● **Activity**
Leave out pictures; repeat exactly the lines from the "Dumawall Smoked Steel" line through the last of the data below.

● **Data below**
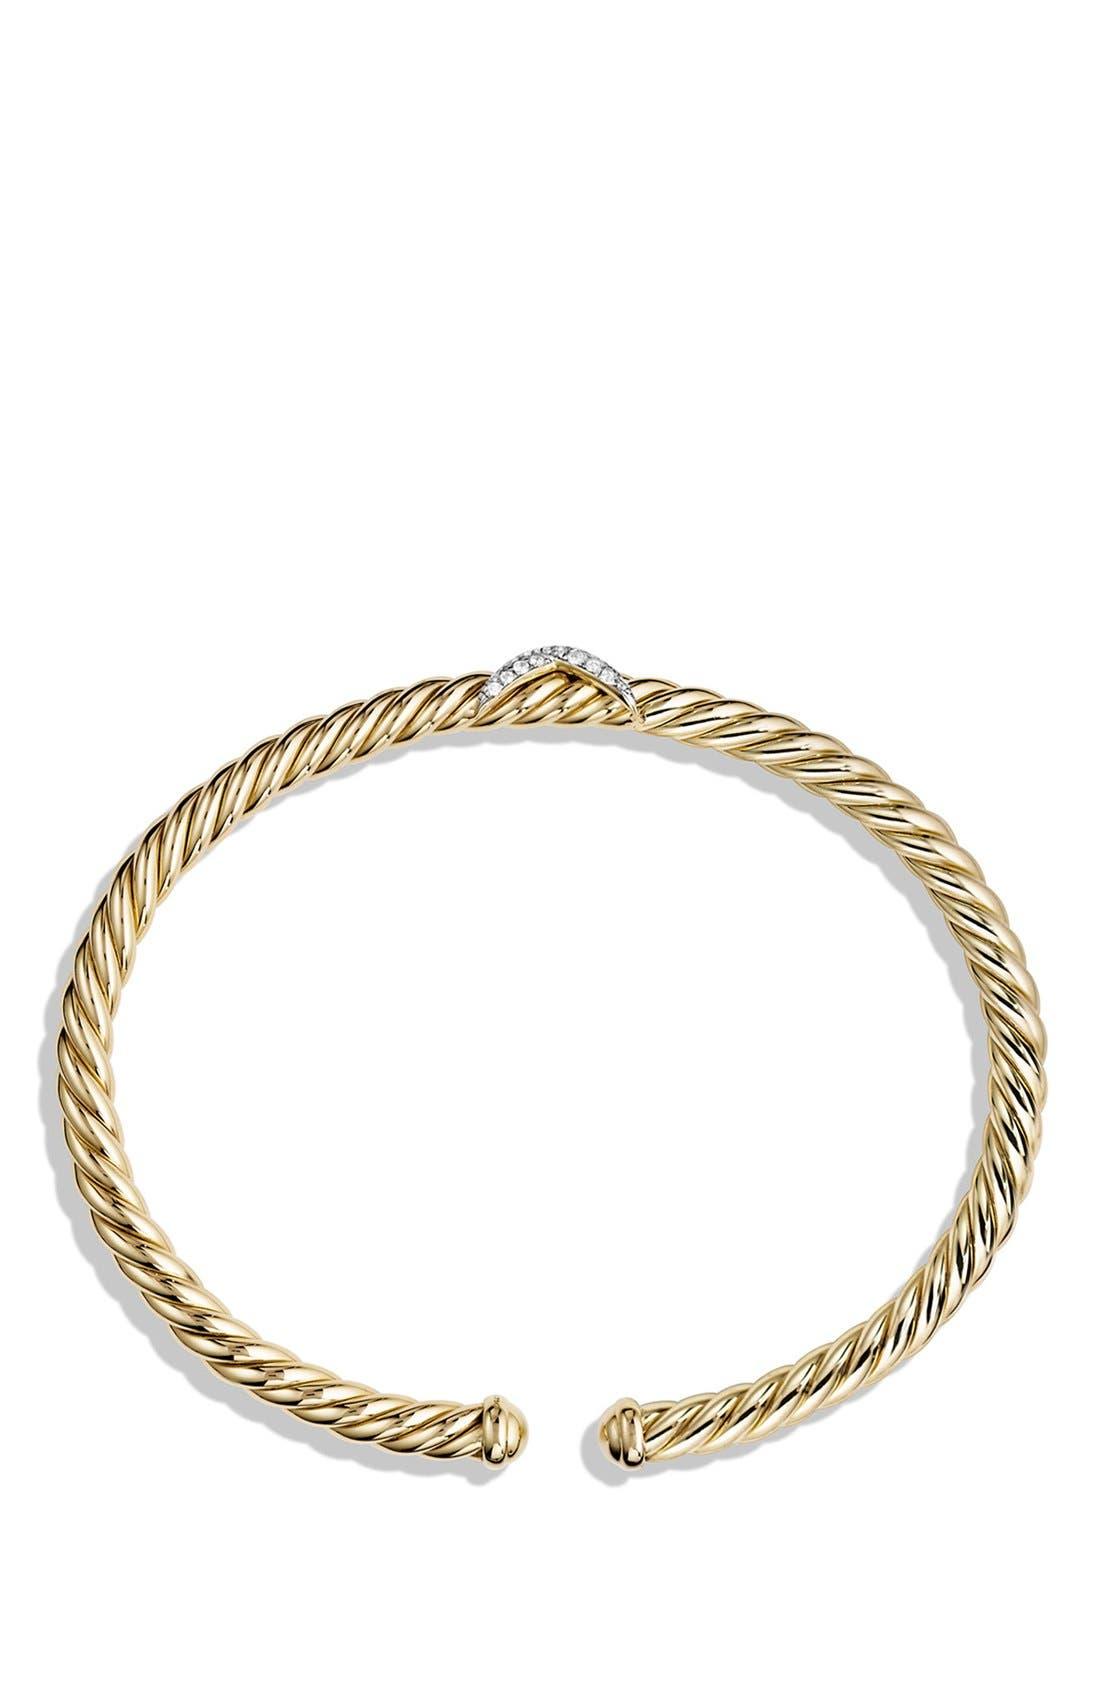 'X - Cablespira' Bracelet with Diamonds in 18k Gold,                             Alternate thumbnail 2, color,                             DIAMOND
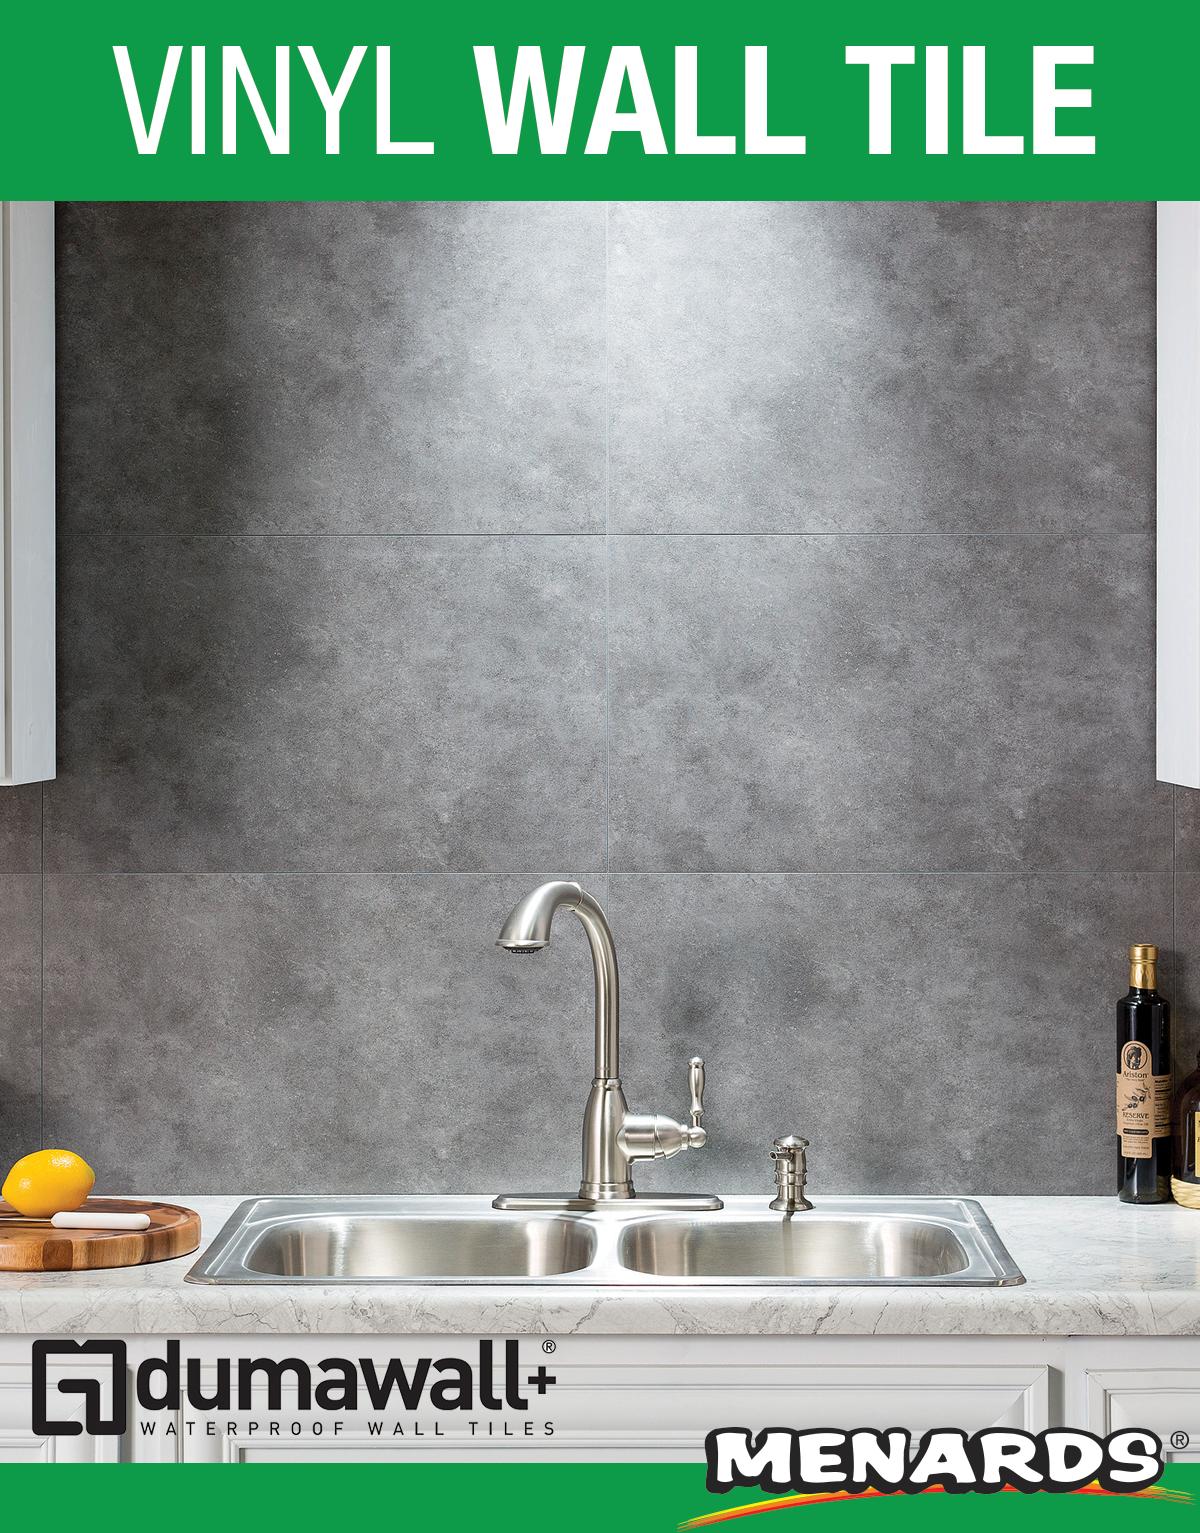 Dumawall Smoked Steel Vinyl Wall Tile 8 Pack In 2020 Stick On Tiles Vinyl Wall Tiles Peel And Stick Tile
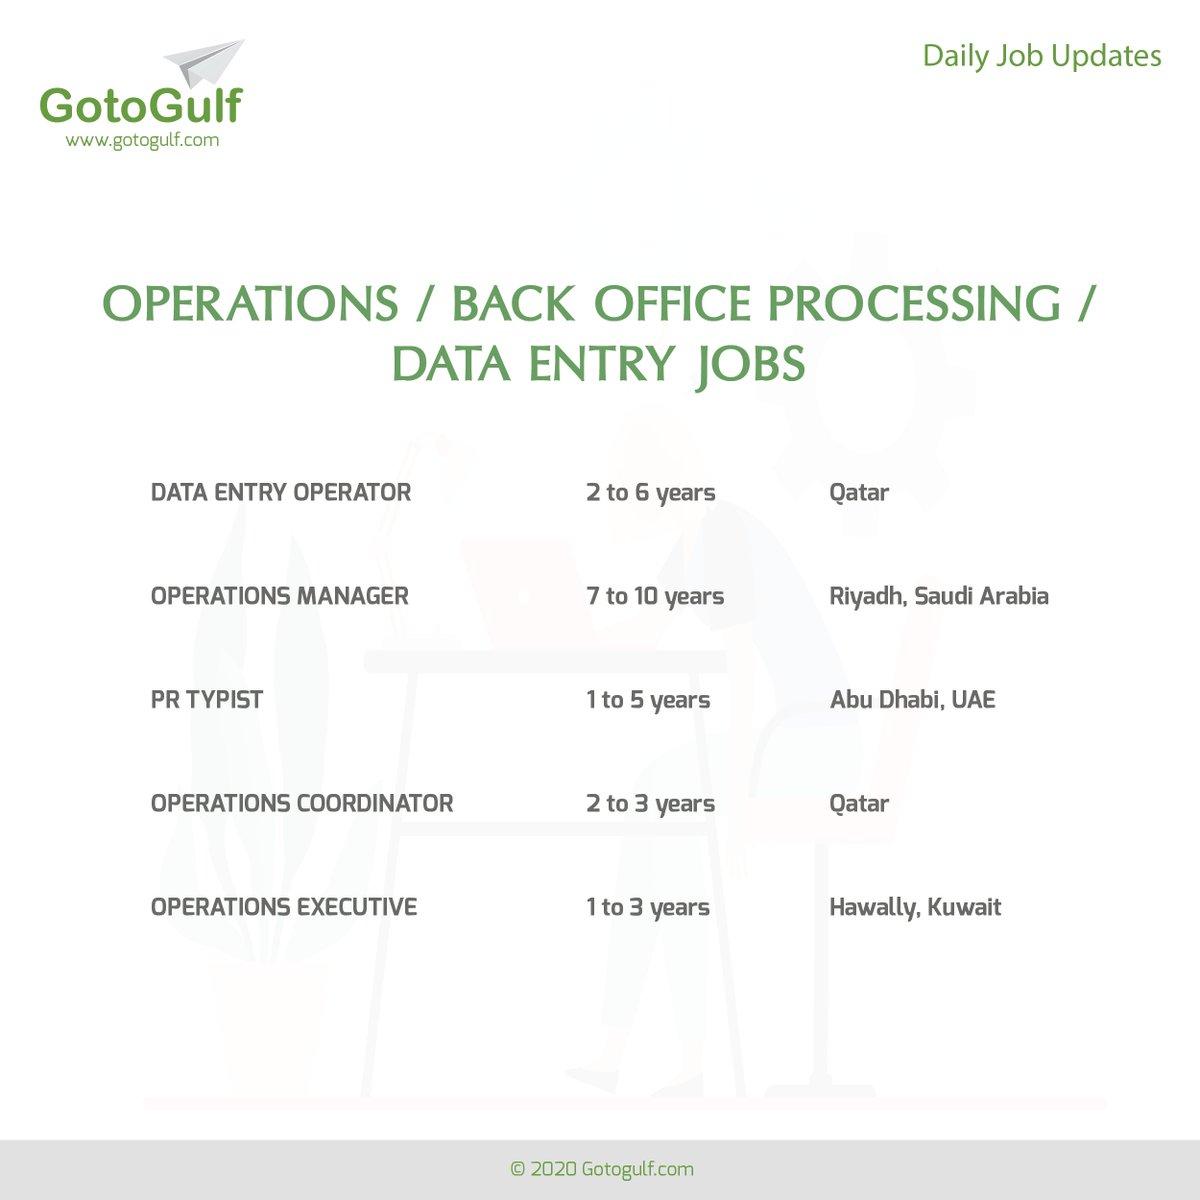 Click on the below link to apply for the job vacancies, https://t.co/YAzvVyfiR6  #gotogulf #jobs #middleeast #jobseeker #recruitment #operation #back #office #process #data #entry #operator #manager #pr #typist #coordinator #executive #qatar #saudiarabia #kuwait #uae https://t.co/QSlhROTENI
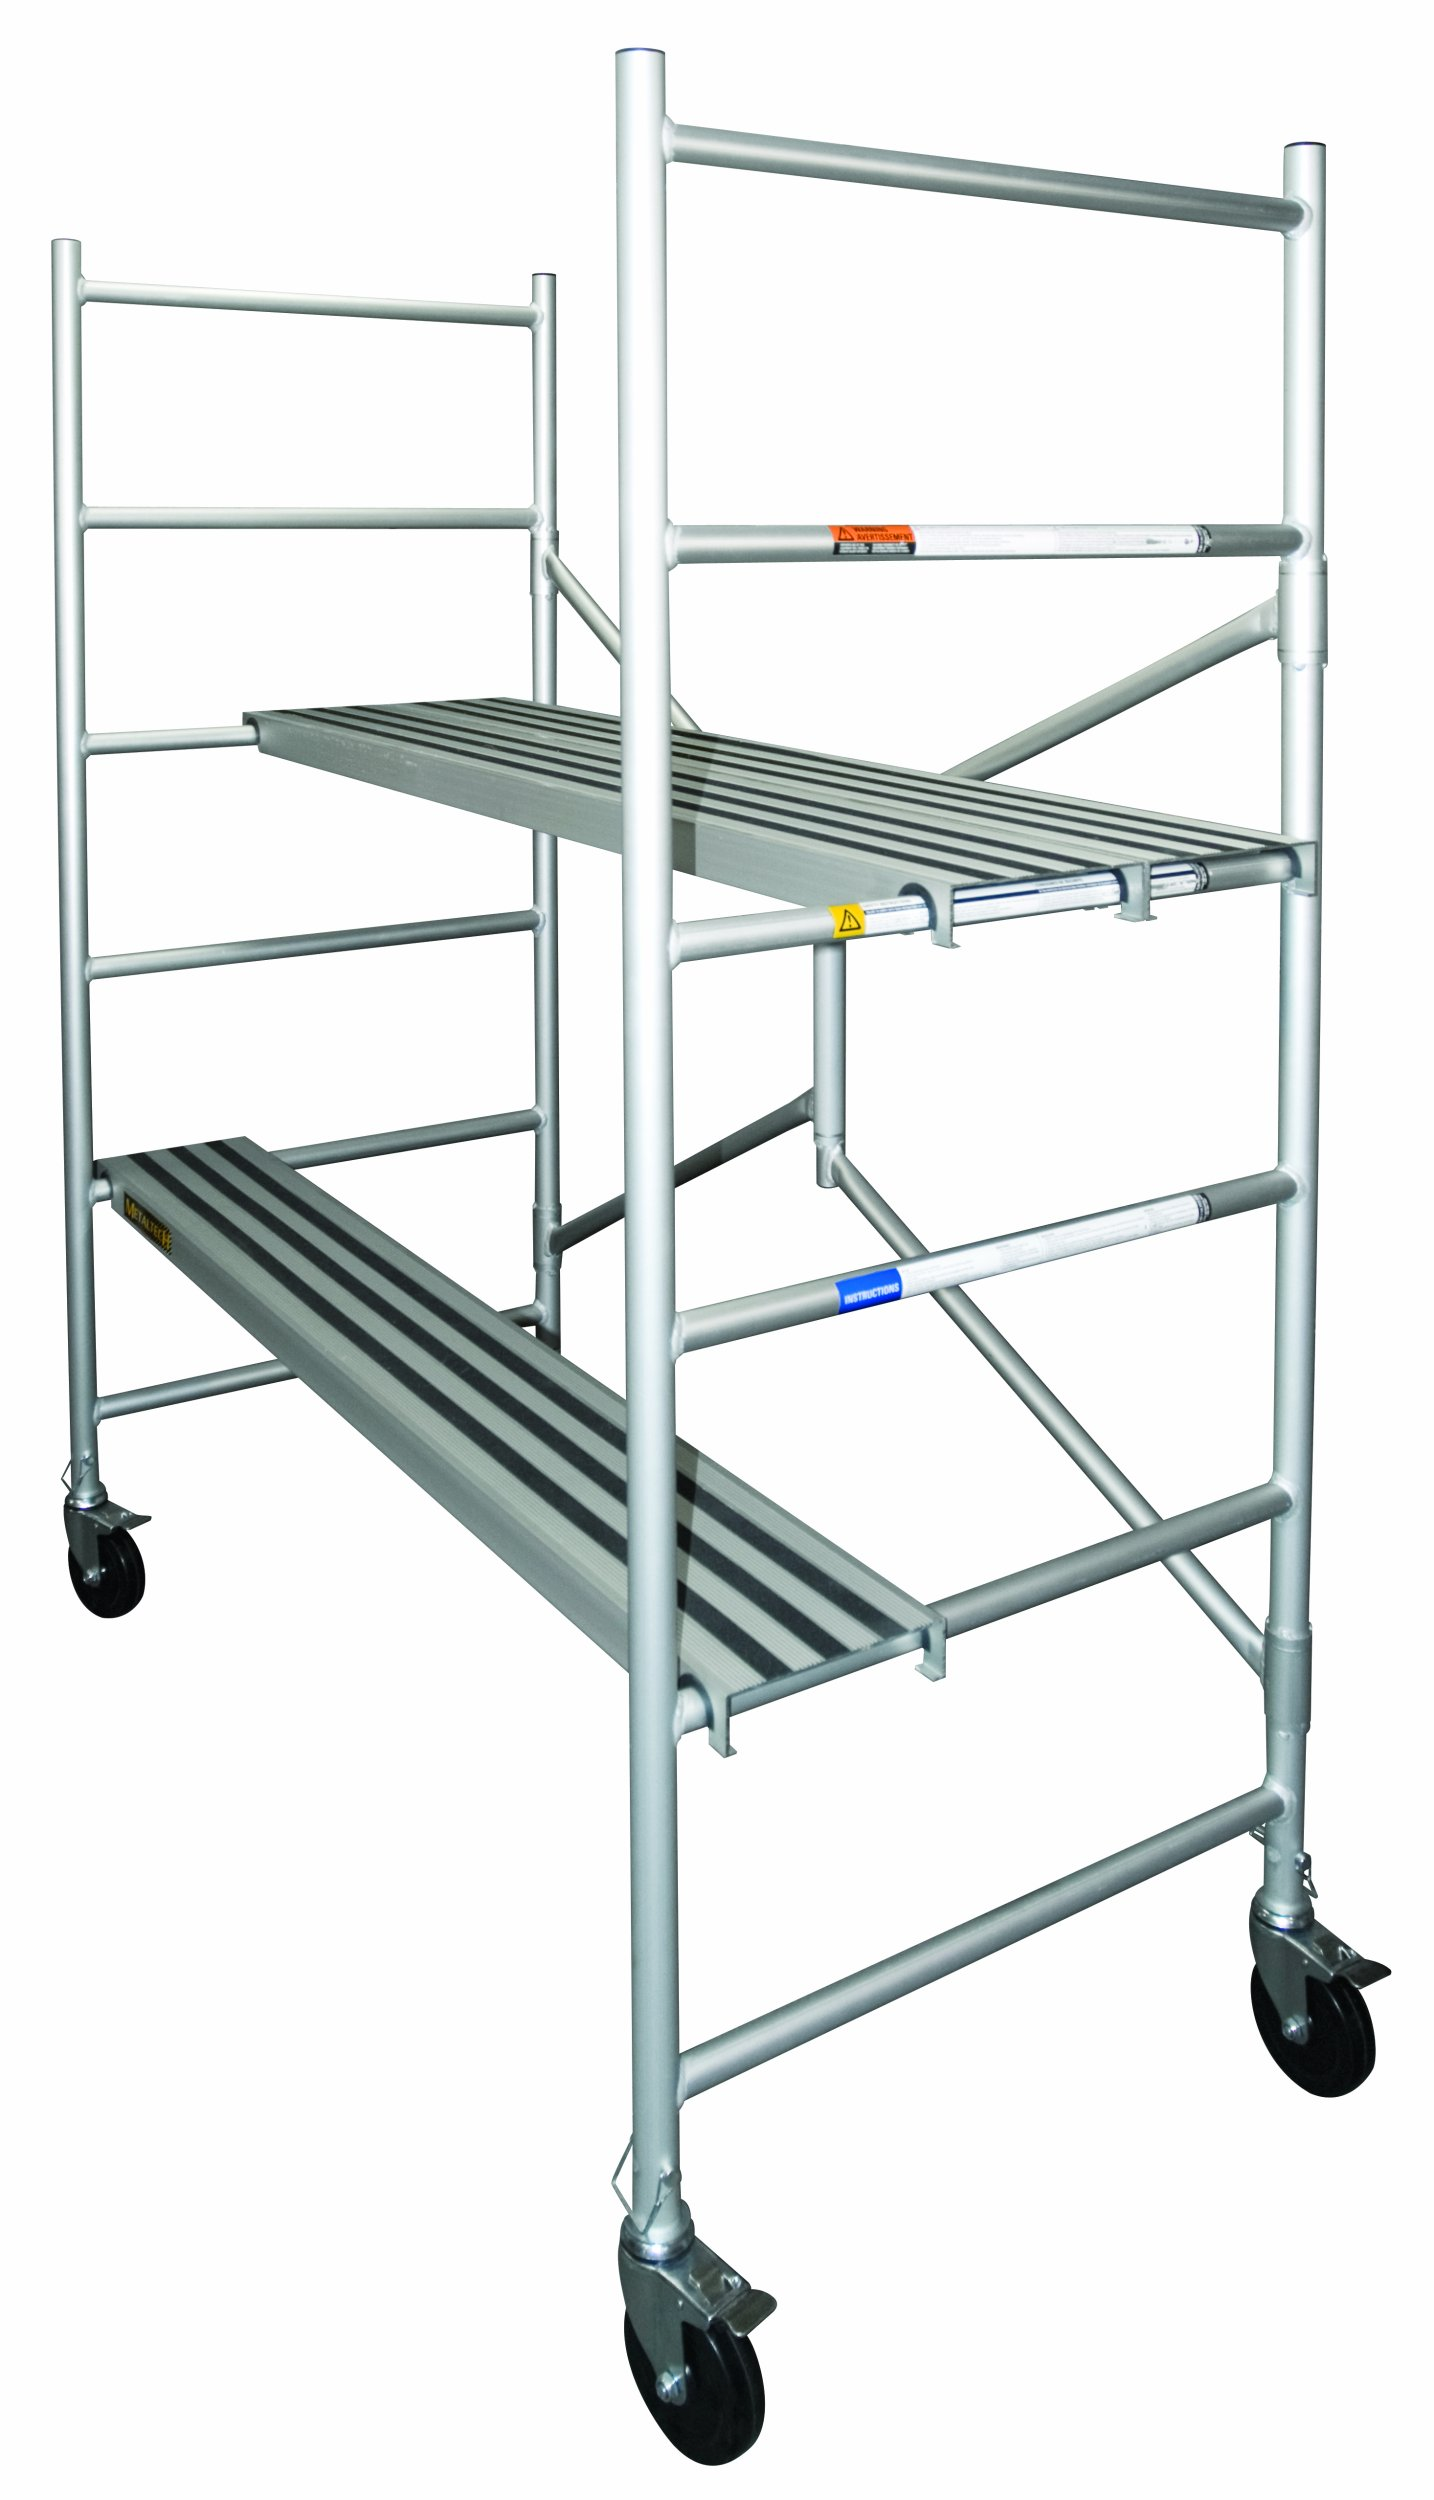 Xtend & Climb MAXI Round Aluminum Scaffold by Xtend & Climb

● **Answer to the problem**
 Dumawall Smoked Steel Vinyl Wall Tile 8 Pack In 2020 Stick On Tiles Vinyl Wall Tiles Peel And Stick Tile
 Click on the below link to apply for the job vacancies, https://t.co/YAzvVyfiR6  #gotogulf #jobs #middleeast #jobseeker #recruitment #operation #back #office #process #data #entry #operator #manager #pr #typist #coordinator #executive #qatar #saudiarabia #kuwait #uae https://t.co/QSlhROTENI
 Xtend & Climb MAXI Round Aluminum Scaffold by Xtend & Climb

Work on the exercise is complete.